PI: Dr. Kristin Kernohan
Co-investigators: Dr. Erika Bariciak, Dr. Pranesh Chakraborty, Dr. Matthew Henderson, Dr. Melanie Lacaria, Dr. Neal Sondheimer
Study contact: [email protected]
Study contact full name: Brittany French/Trisia Balalio
Summary:

In Ontario, newborn screening (also called the “heel-prick test”) is offered to all newborn babies. It can identify ~30 treatable health conditions and helps at-risk babies receive the care and treatment they need early in life, often before symptoms even appear. However, the technology currently used for newborn screening is limited, meaning many other treatable conditions cannot be identified.

The INFANT study is testing a new approach to newborn screening called genomic newborn screening (gNBS) to identify a much larger number of treatable conditions by looking at a baby’s DNA. The goal is to improve the newborn screening process so that all at-risk babies in Ontario can receive the treatment and care they need, allowing them to live healthier lives.

Why participate?

Participation is optional. There is no cost to participate. No additional blood samples or visits are needed. With your permission, we would use the heel-prick sample already collected for standard newborn screening.

Babies who participate in this study will receive genomic newborn screening for over 200 treatable genetic conditions. In the rare event your baby is identified to be at risk for a genetic condition, we will ensure you receive the medical care needed. We are very thankful to families who choose to participate as they will be helping us make newborn screening better for all babies in Ontario.

Who can sign up and how?

Any baby born in Ontario who is 6 months of age or younger is eligible. Parents may sign up online by visiting our study information platform.

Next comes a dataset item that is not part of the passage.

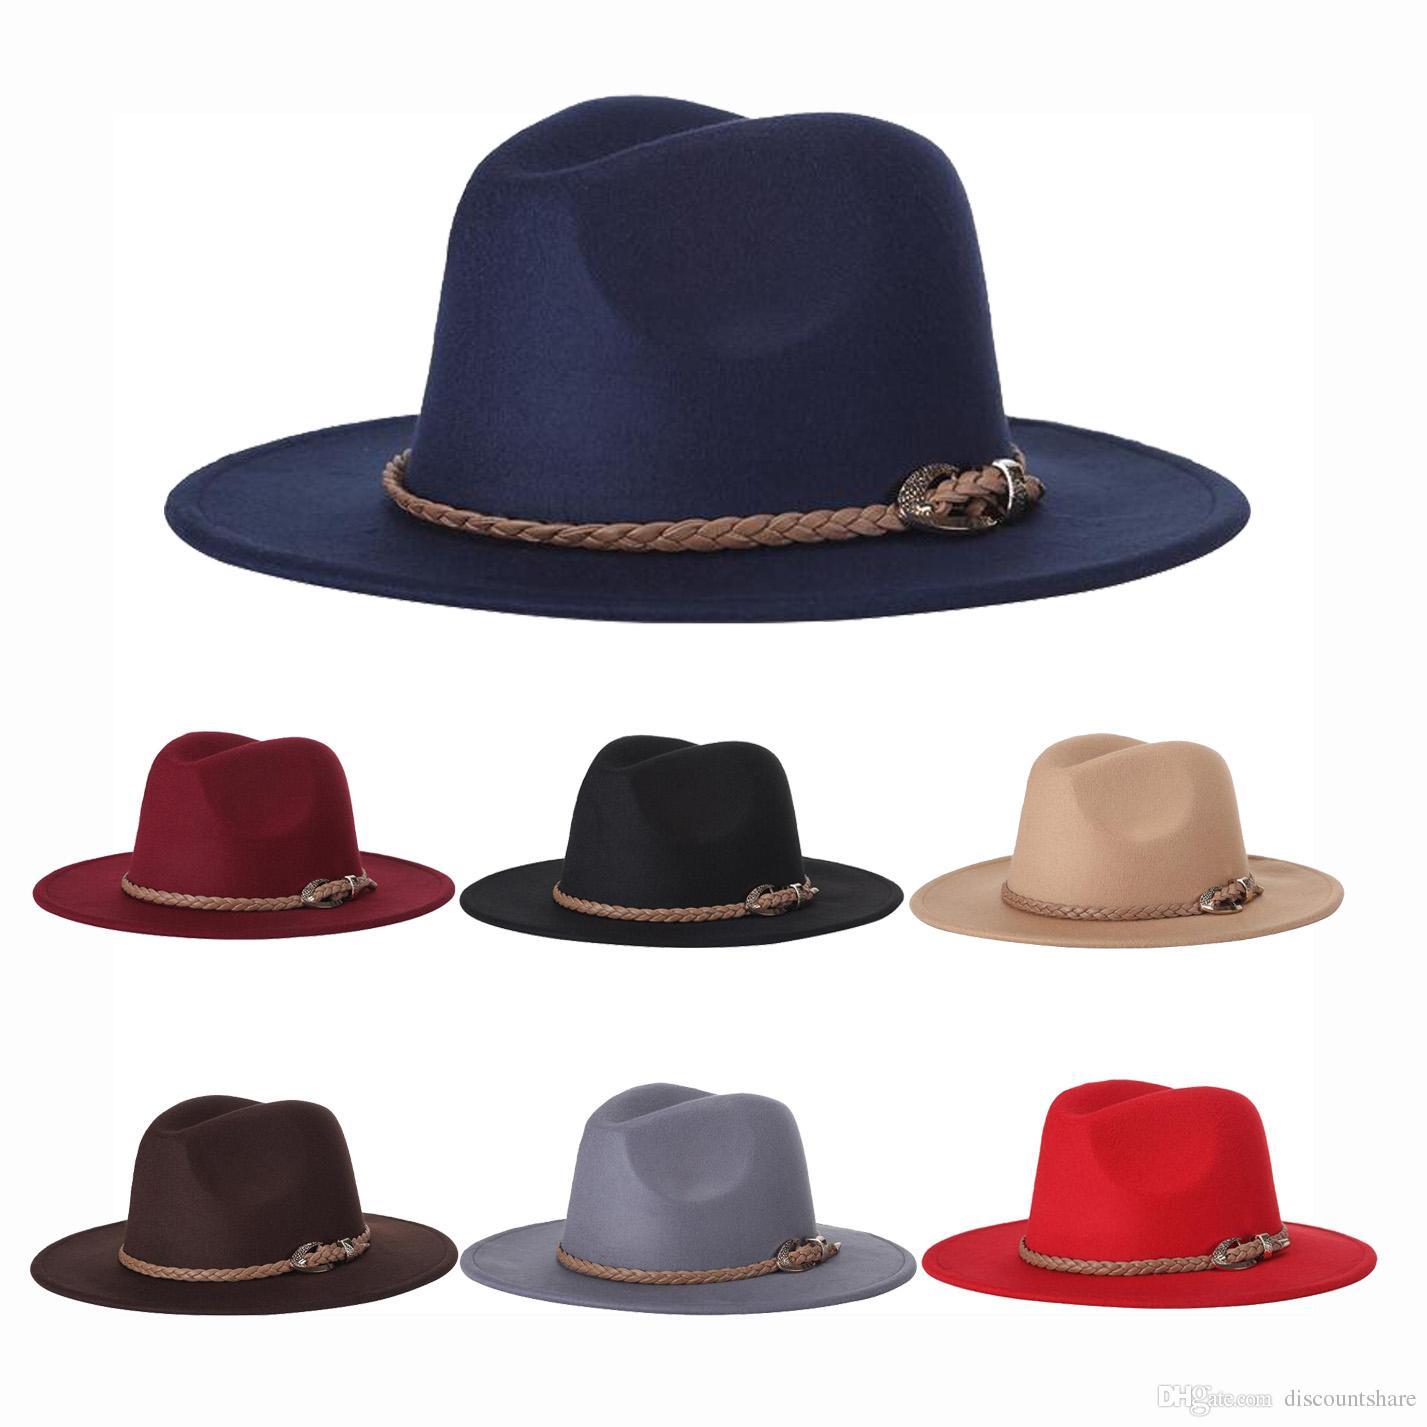 cf495b9509a0 Unisex otoño invierno trenza de paja ancho borde grande vaquero jazz  sombrero de fieltro

If you are a parent expecting a baby, you may register your interest in the study by contacting the study team or by visiting our study information platform. This allows you to review information about the study ahead of time and receive an email reminder after the expected due date. Parents can only make the decision to have their baby participate in this study after their birth.

What happens next?

If your baby is enrolled in the study, you can expect to receive their screening results in approximately 90 days. The study’s clinical team, made up of physicians and genetic counsellors, is available at any time to answer any questions you may have.

The list of diseases screened for can be found here. These conditions are generally very rare, and most babies enrolled in this study will screen negative results, meaning no increased risk was identified. For the babies who receive screen positive results, meaning an increased risk was identified, a genetic counsellor will contact you to explain the results and arrange for your baby to receive the medical care they need as soon as possible.